5. Poor Site Organization and Coordination between Various Parties


Every successful construction project has one common element: constant communication. We can’t understate how important communication is to eliminating or drastically reducing construction delays (and disputes).

Site organization and coordination is a detailed and meticulous process conceived well before a project begins and ensures not only the safety of the construction site but also the productivity of a project. Beyond site investigation, before a project starts, materials delivery, and records management, good site organization and coordination are dependent upon communication and constant information flow.

Information needs to flow freely not only between the team on the job site but also between project managers and clients. Constant communication and interaction between all parties won’t eliminate construction delays but will drastically reduce them.

When a problem arises that could delay the schedule, the most important thing is that this information is communicated quickly and clearly to the right parties so the risk of the delay is mitigated and the contractor can take swift action to correct the problem and get the schedule back on track before it’s too late.

Establishing a communication chain of command early on is essential to improve productivity. Who is responsible for communicating with whom and when are they communicating? Realize that the medium is the message. Select the right communication tools based on information priority.

Don’t send an email to communicate a critical delay when a phone call would be faster and more decisive. Invest not only in construction communication and collaboration technology but also in construction management and schedule analytics technology to quickly provide alerts, understand how it’s impacting the project, and troubleshoot to get a solution fast.


Quick Tips:

  • Establish a clear communication chain of command so the right information is communicated to the right people.
  • Select the right communication medium for the message.
  • Explore cloud-based construction collaboration software, like Procore, to ensure communication is quick and clear about the project as a whole, particularly problems that put the construction schedule’s critical path at risk.


Putting It All Together


As we’ve discussed, most construction projects suffer from construction delays that not only cost construction firms but also place entire projects at risk of failure.
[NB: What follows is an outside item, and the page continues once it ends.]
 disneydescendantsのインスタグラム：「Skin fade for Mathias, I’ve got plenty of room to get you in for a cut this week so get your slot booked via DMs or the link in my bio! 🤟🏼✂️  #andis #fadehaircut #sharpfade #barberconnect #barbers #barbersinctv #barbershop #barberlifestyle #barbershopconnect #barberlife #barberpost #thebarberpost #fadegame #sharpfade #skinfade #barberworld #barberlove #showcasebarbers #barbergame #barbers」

Although schedule delays feel like an inevitable fixture of construction projects, they don’t have to be.

Construction schedulers and those managing project controls can take action to reduce or even eliminate delays by learning about the four categories of delays and some important steps they can take to control the risks in projects that result in delays.
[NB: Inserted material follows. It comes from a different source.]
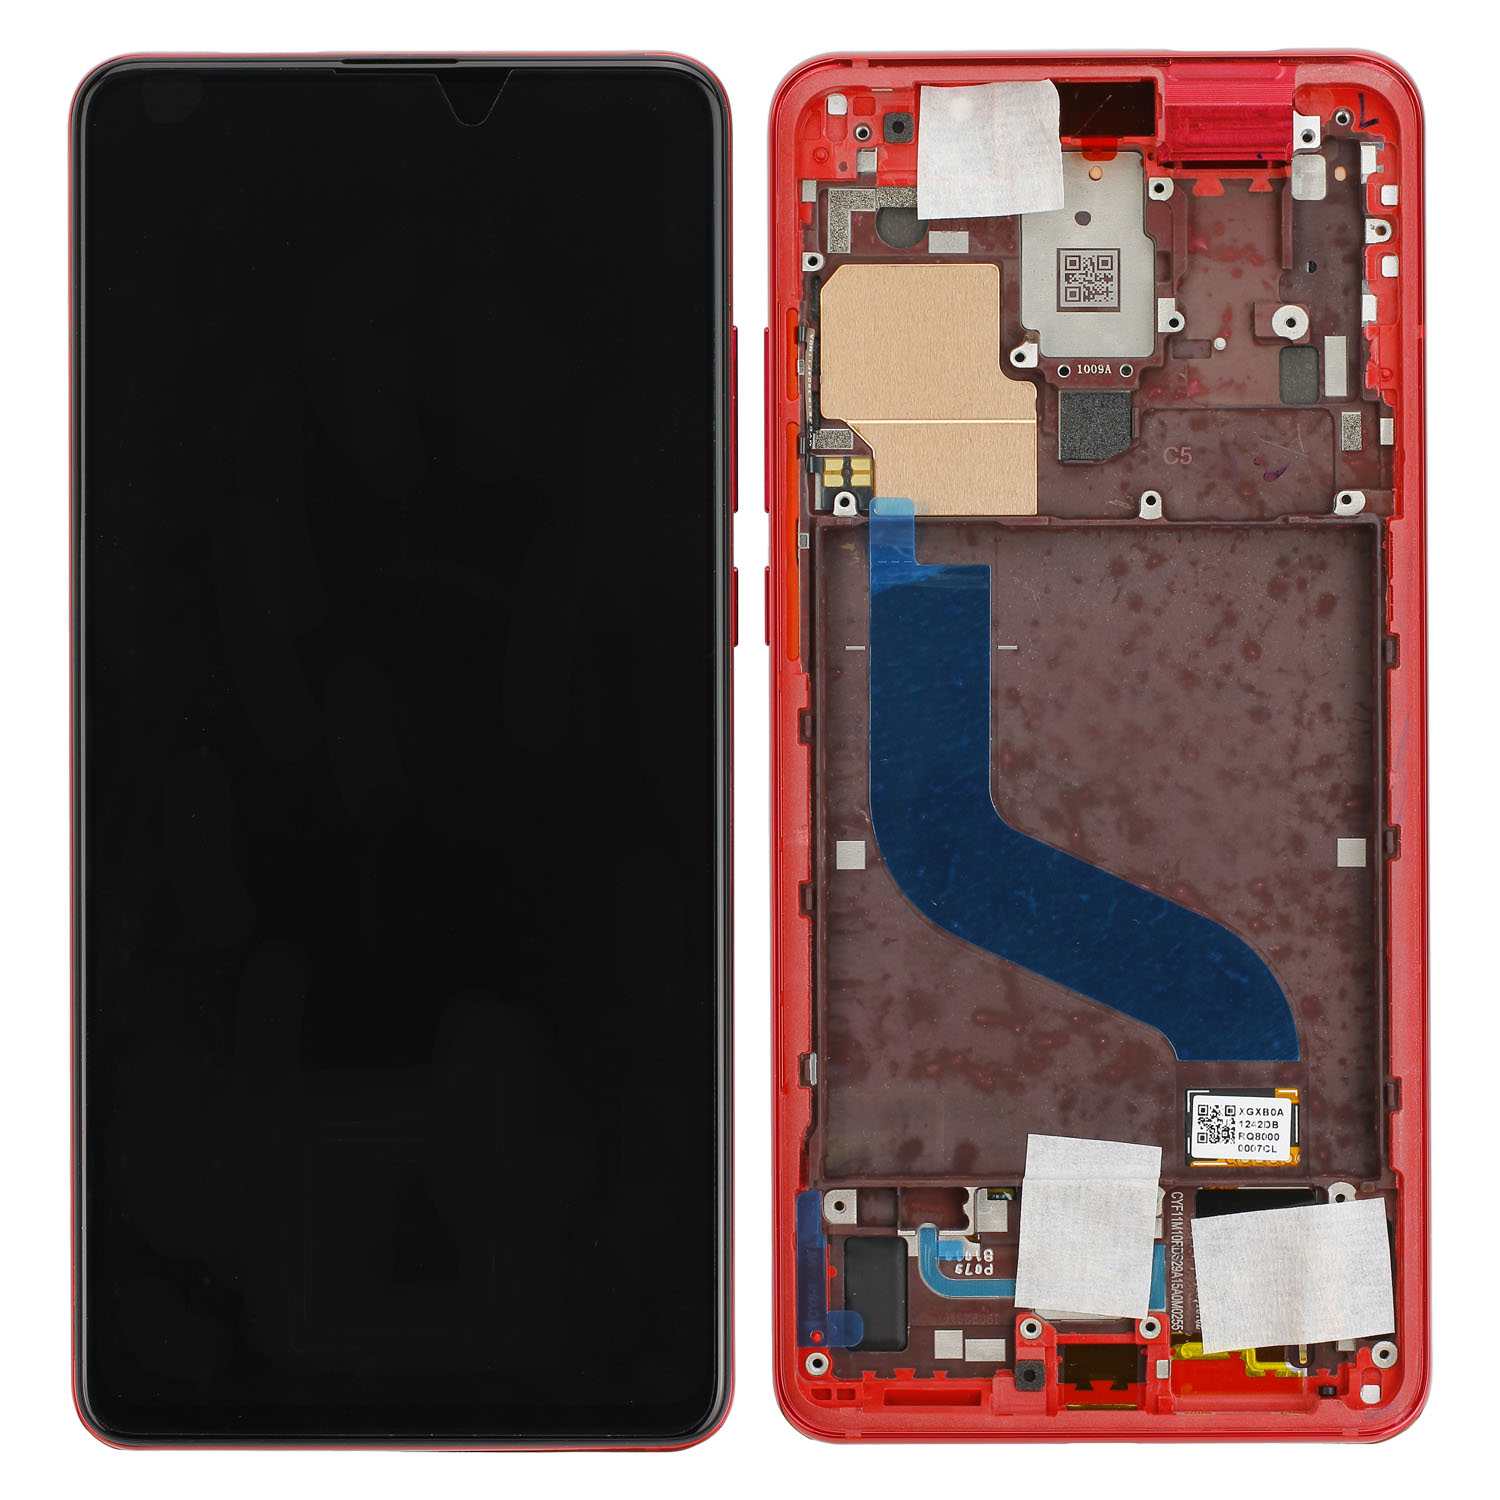 Xiaomi Mi 9T (M1903F10G), Mi 9T Pro (M1903F11G) LCD Display Red Flame, Service Pack

Contractors can take specific action to avoid these five common causes of delays:

  1. Poor duration scheduling and planning of resources
  2. Contractor financial difficulties
  3. Delay in approval of completed work
  4. Slow delivery of materials
  5. Poor site organization and coordination between various parties

By improving planning, increasing communication, and leveraging sophisticated technologies like cloud-based schedule analytics software, construction firms can avoid these pitfalls easily.